In particular I tried to show $(Q,x+Q^2,Q^3,..)$ in gr$R$ has these properties where $x\in Q-Q^2$. Note that $Q\neq Q^2$ else gr$R$ is a field which is a contradiction since know dim(gr$R$)$=$dim($R)\gt1$. For this example to work I really want something of the form that if $x.y\in Q^n $ where $y\in Q^{n-2}$ then $y\in Q^{n-1}$. This is true for $n=2$ by using $R/Q$ field.
Another thing is that this result is a step to prove another result which implied $Q^i \neq Q^{i+1}$ for all $i$. It is clear that what I claimed in the last paragraph would be false without this.
I might be mixing up things, but intuitively I think you need stronger assumptions on $R$: The dimension of $R$ concerns the minimal primes of $R$ (geometrically, the irreducible components of $\text{Spec}(R)$) while the (non-)presence of zero-divisors concerns the associated primes of $R$ (geometrically, the 'virtual' irreducible components of $\text{Spec}(R)$), not all of which need to be minimal.

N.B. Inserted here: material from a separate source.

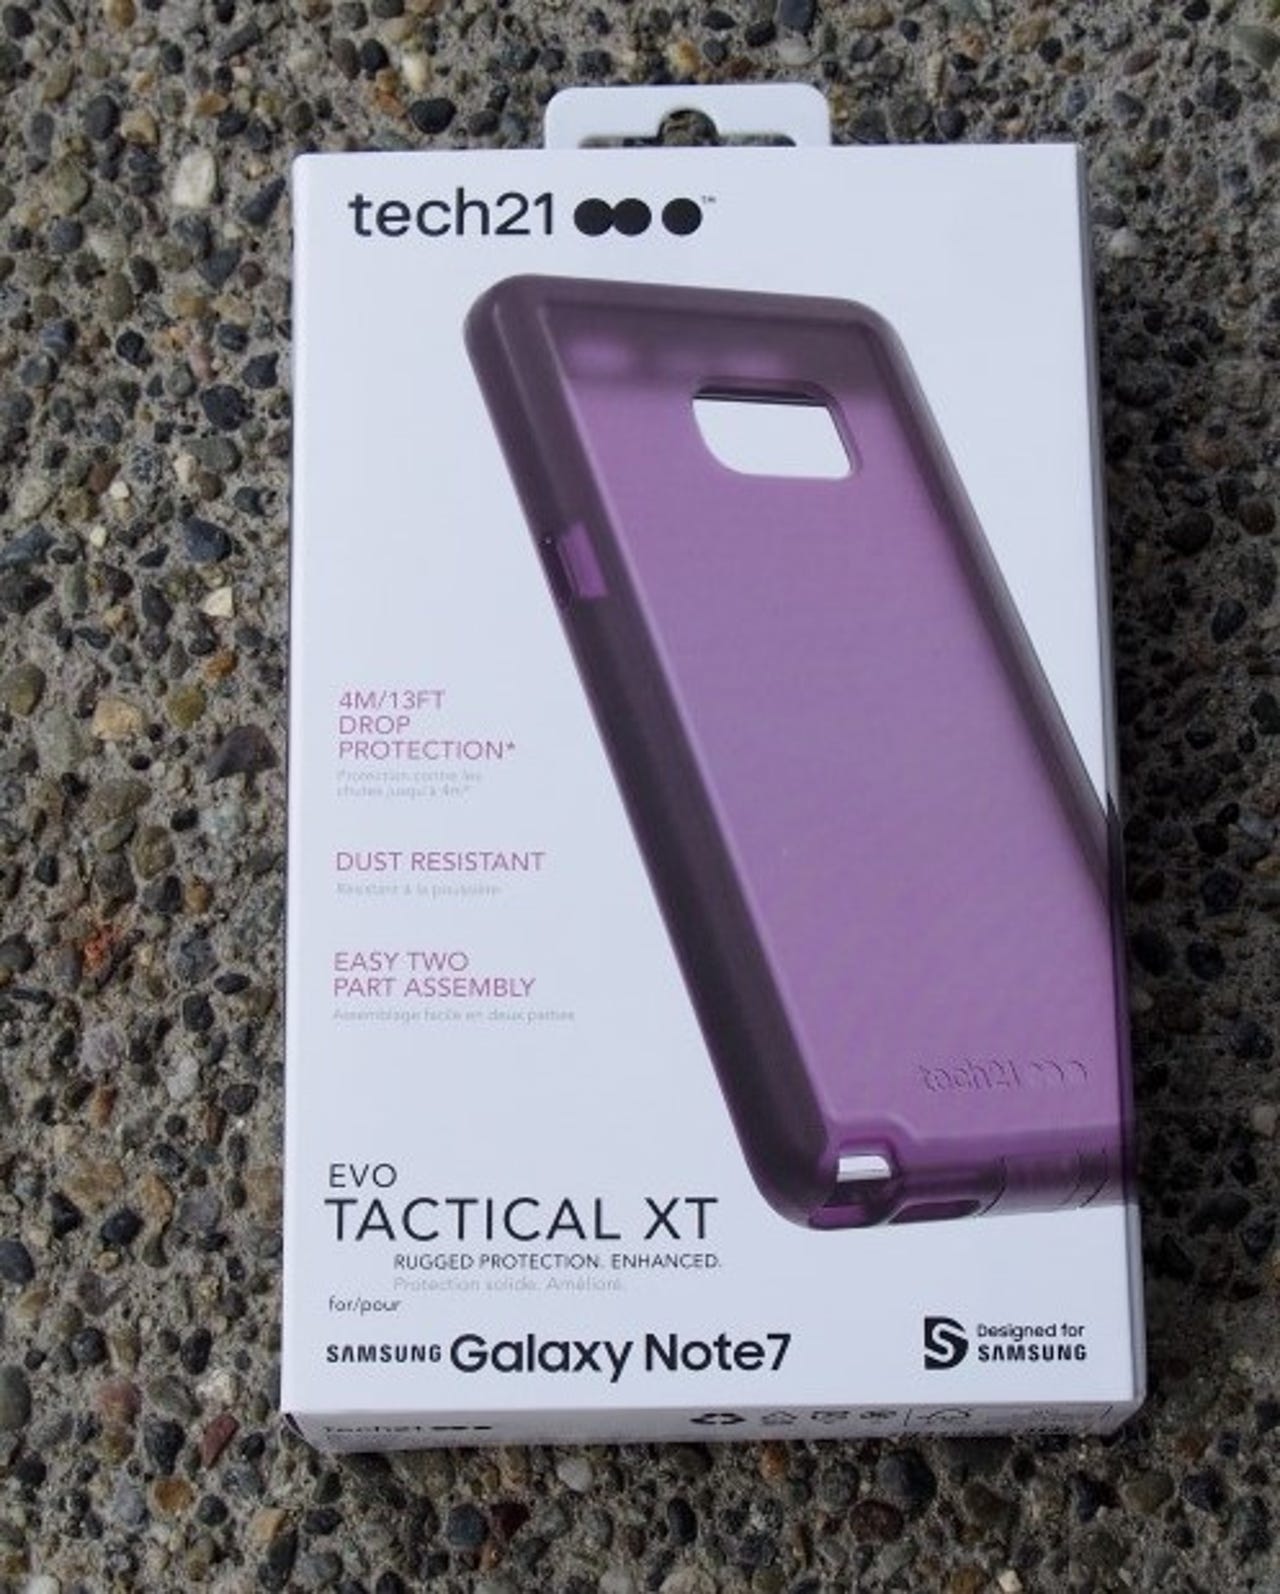 tech21-tactical-xt-note-7-14.jpg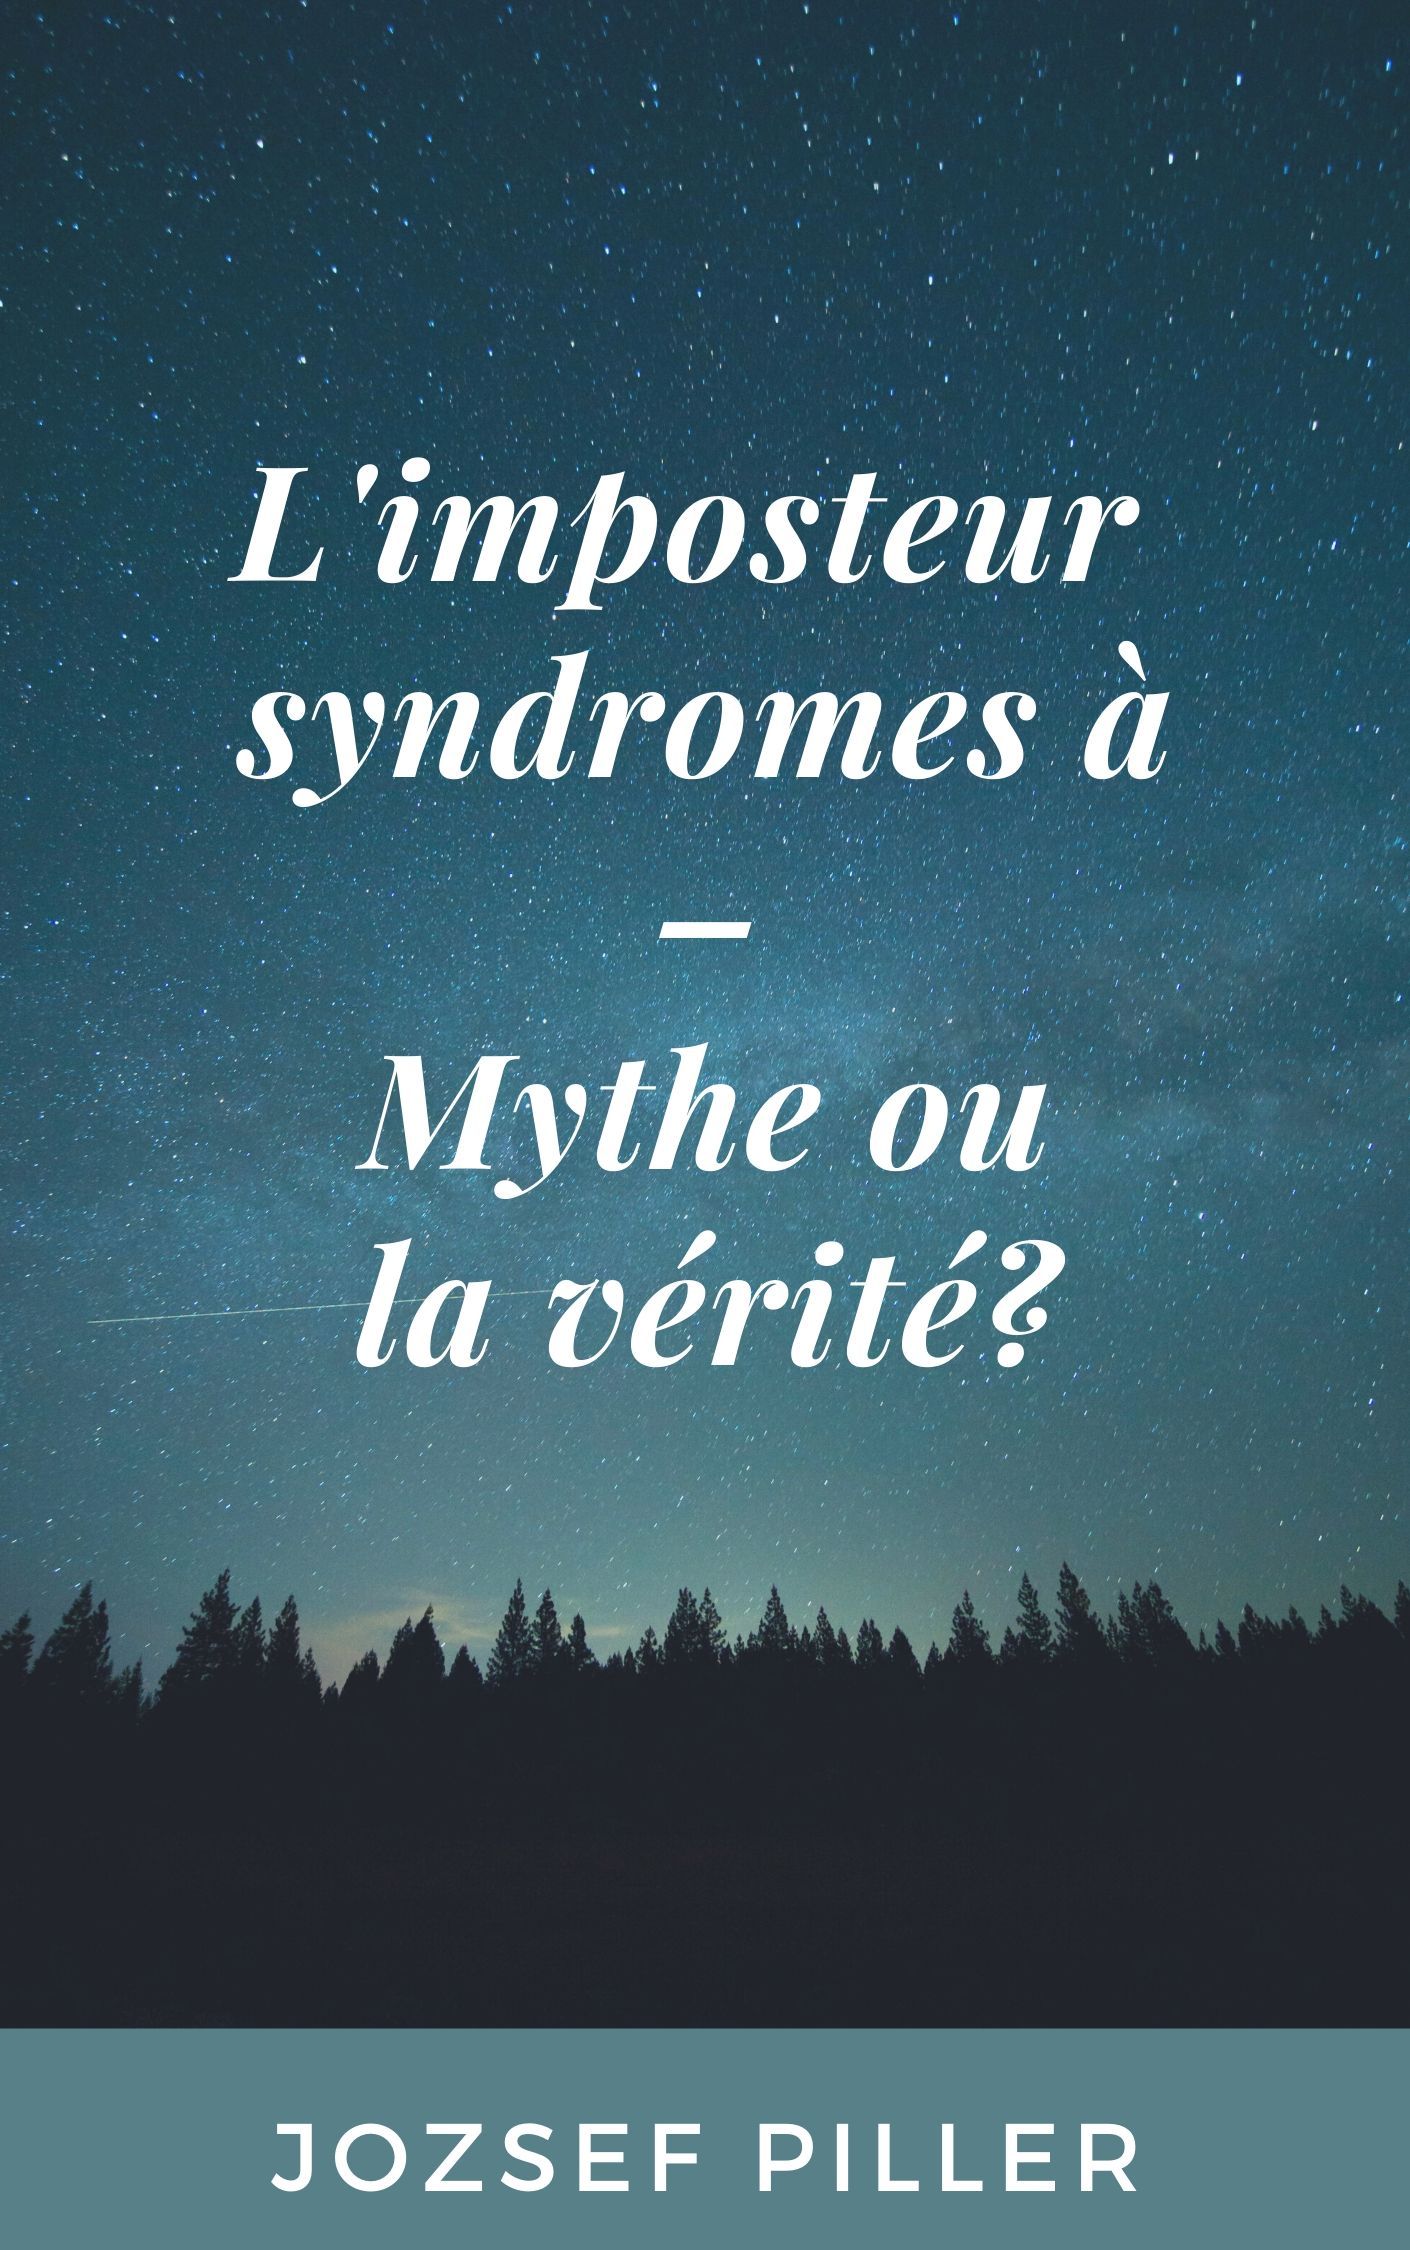 L'imposteur syndromes à - Mythe ou la vérité?, e-bog af Jozsef Piller

Example: Begin with the $n$-plane $S=k[x_1,...,x_n]$ and build $R$ from $S$ by adding an infinitesimal line at the origin, i.e. $R := S[t]/(t^2, tx_1,...,tx_n)$. Then $R$ stil has dimension $n$, but any homogeneous element of positive degreee annihilates $t$, hence is a zero-divisor. So, in the associated graded of $R$ with respect to ${\mathfrak m} = (t,x_1,...,x_n)$, any homogeneous non-unit is a zero-divisor.